* DATA SHOWN:

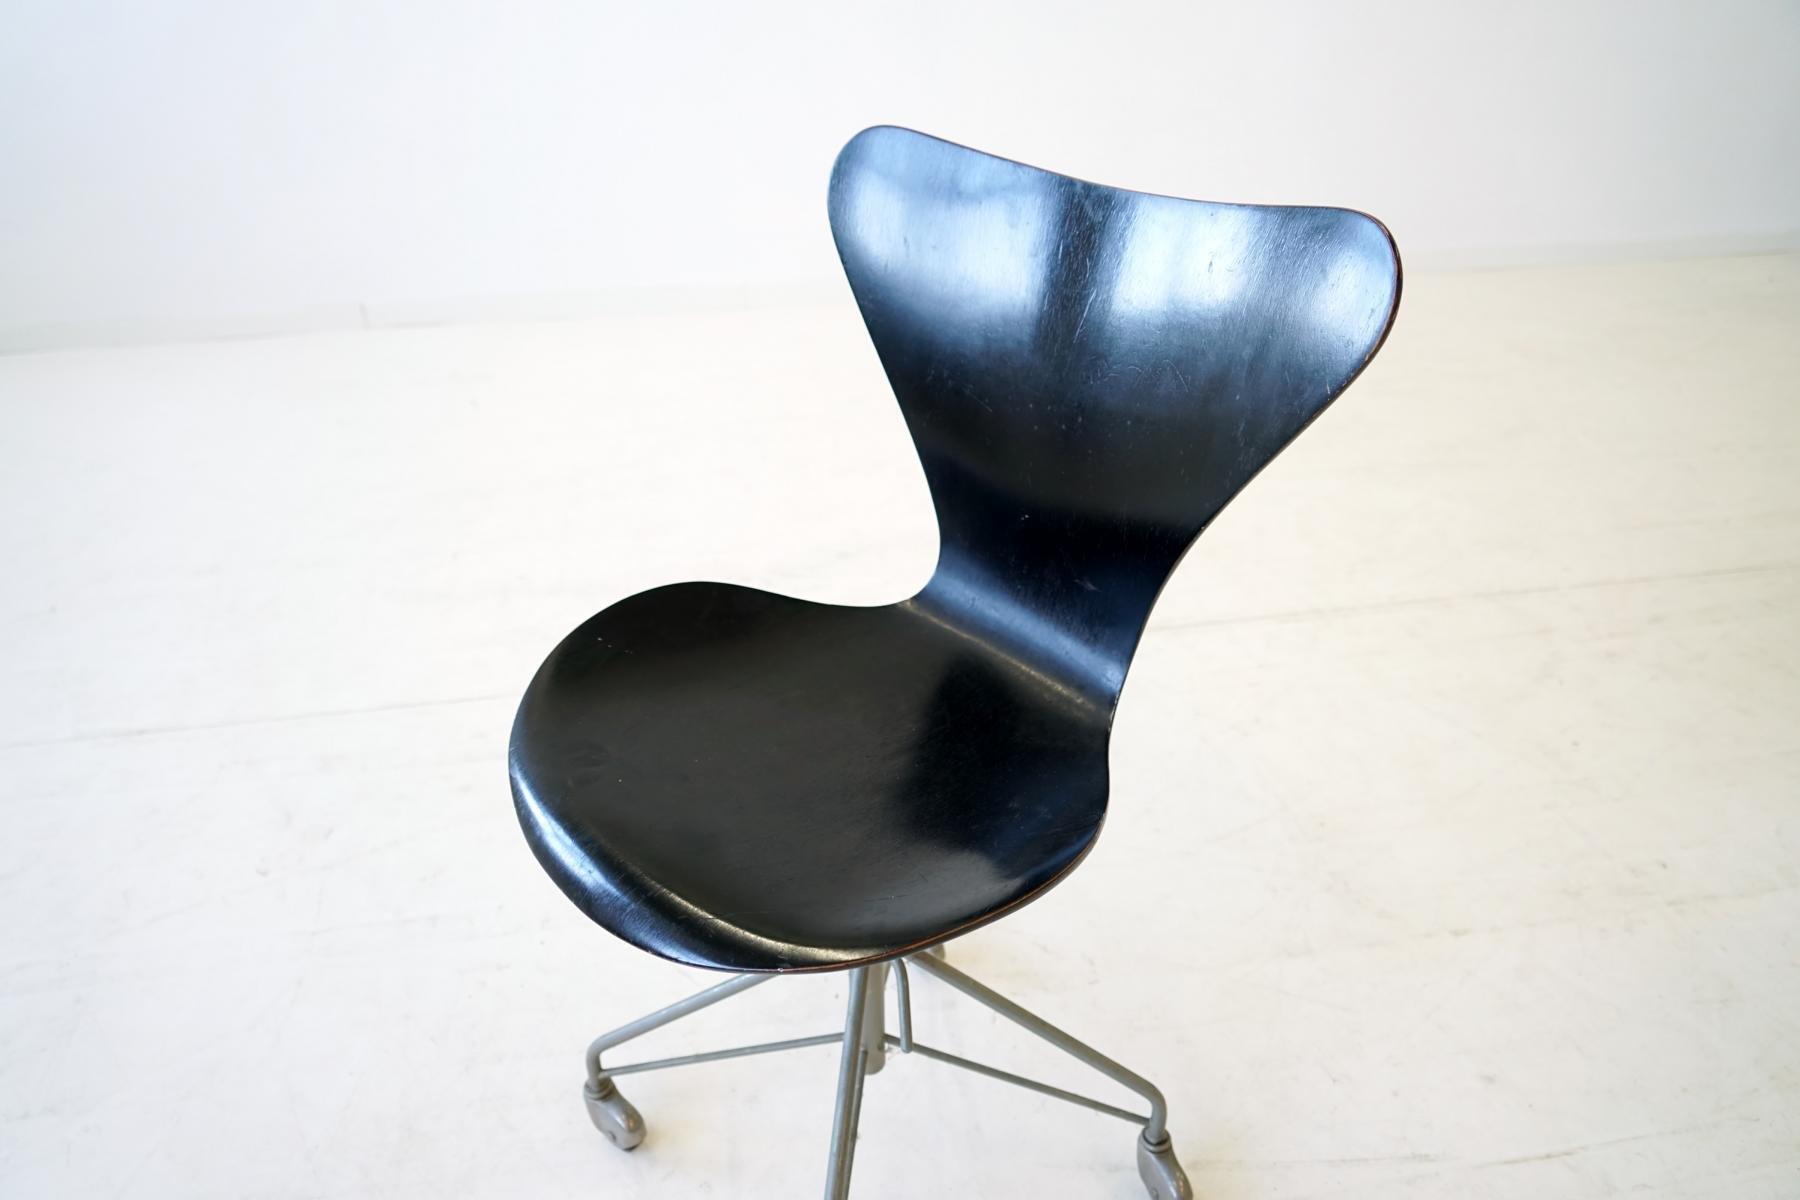 Sedia da ufficio 3117 07 di arne jacobsen per fritz hansen for Scrivania ufficio anni 50
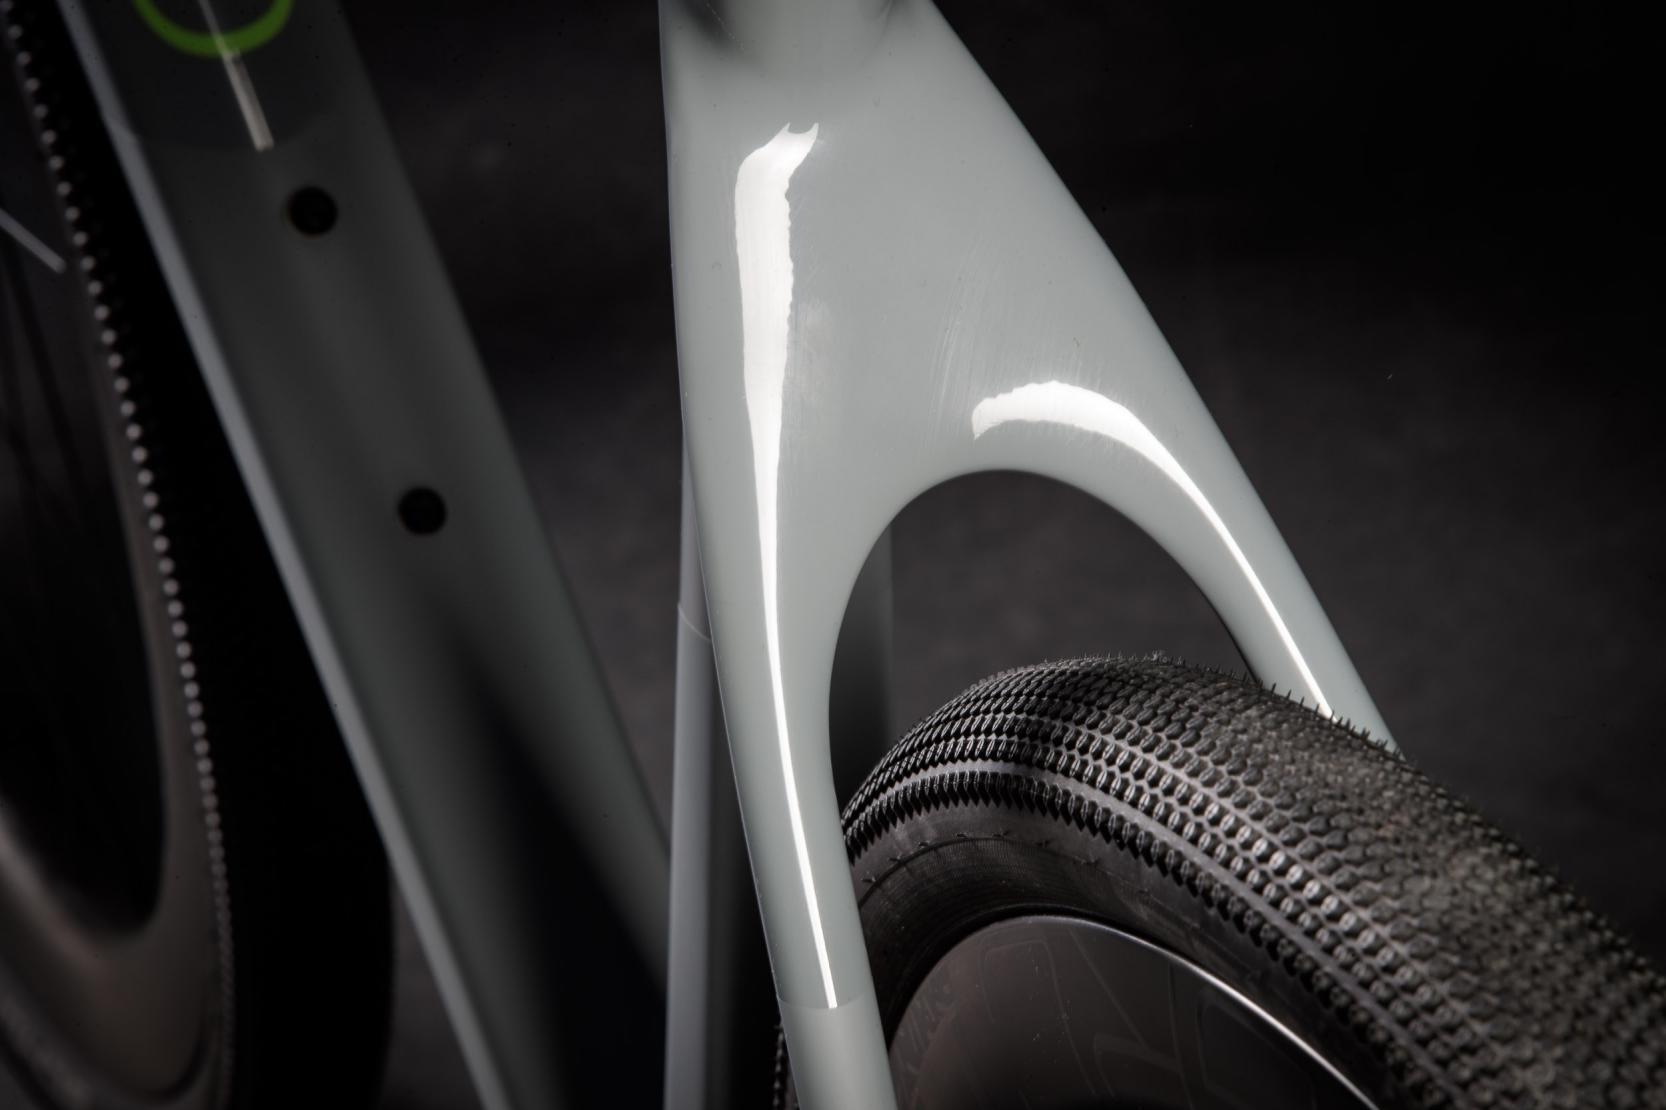 TIRE CLEARANCE: Dank desmassiven Monostays mit den zwei tief ansetzenden Kettenstreben und dem speziellen Design für 1-fach-Antriebe, kann der Rahmen Reifen bis maximal2.4? in 650B (bzw. 46 mm in 700C) aufnehmen.
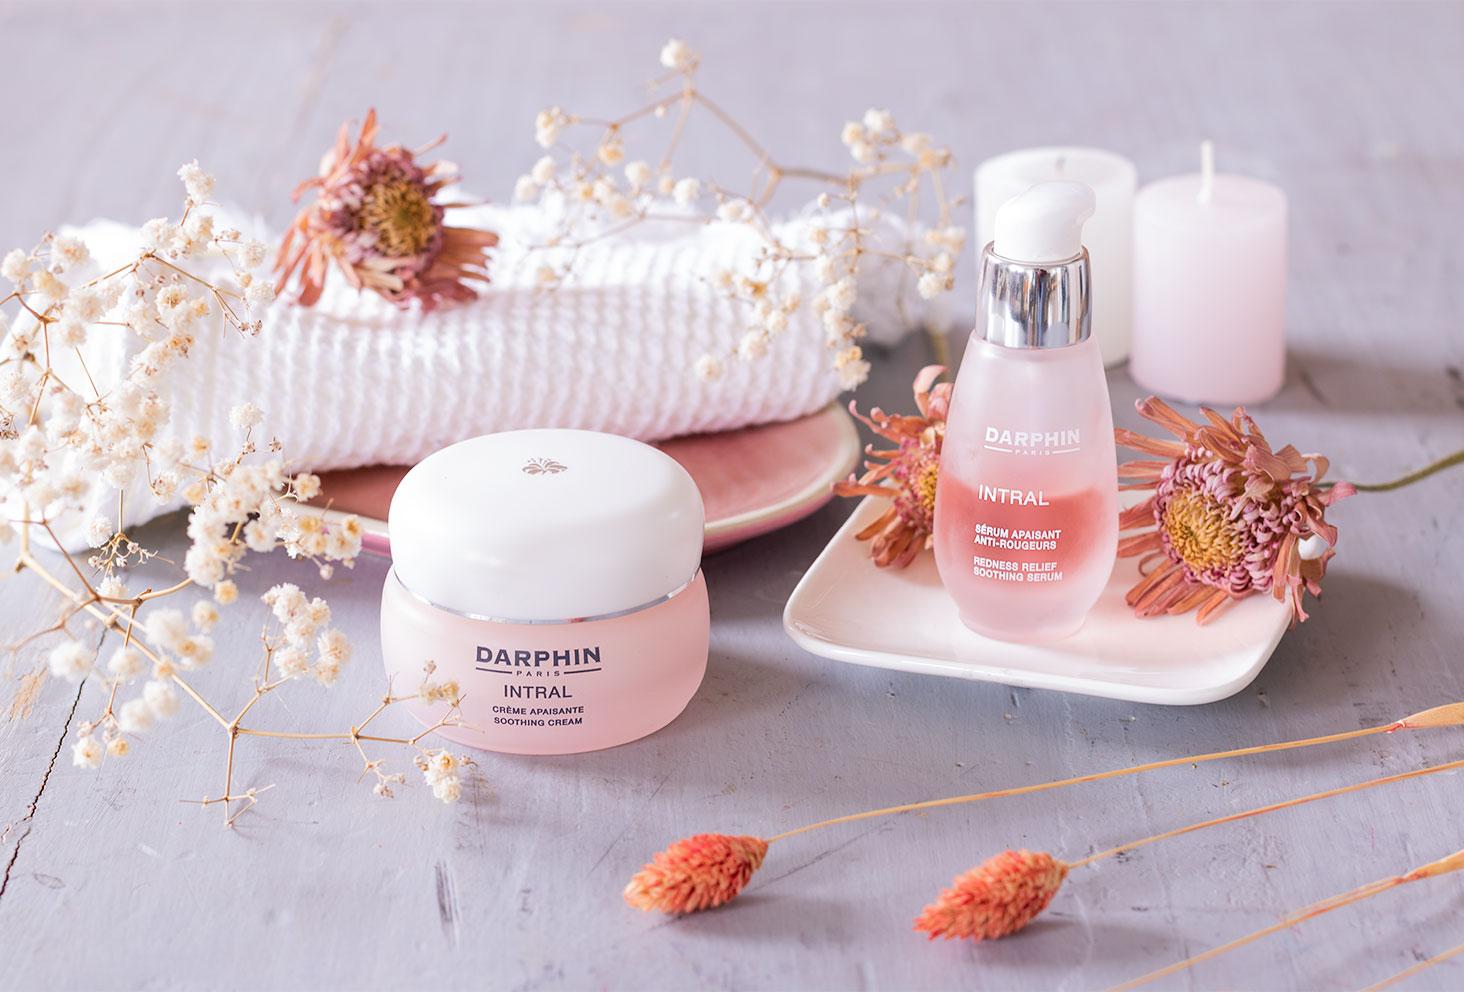 La routine crème et sérum de la collection INTRAL de Darphin posée sur une table vintage dans un décor de salle de bain

* WHAT TO WORK ON:
Take the whole listing above and copy it exactly. Pictures do not go into the copy.

* RESPONSE TO THE EXERCISE:
 Sedia da ufficio 3117 07 di arne jacobsen per fritz hansen for Scrivania ufficio anni 50
 TIRE CLEARANCE: Dank desmassiven Monostays mit den zwei tief ansetzenden Kettenstreben und dem speziellen Design für 1-fach-Antriebe, kann der Rahmen Reifen bis maximal2.4? in 650B (bzw. 46 mm in 700C) aufnehmen.
 La routine crème et sérum de la collection INTRAL de Darphin posée sur une table vintage dans un décor de salle de bain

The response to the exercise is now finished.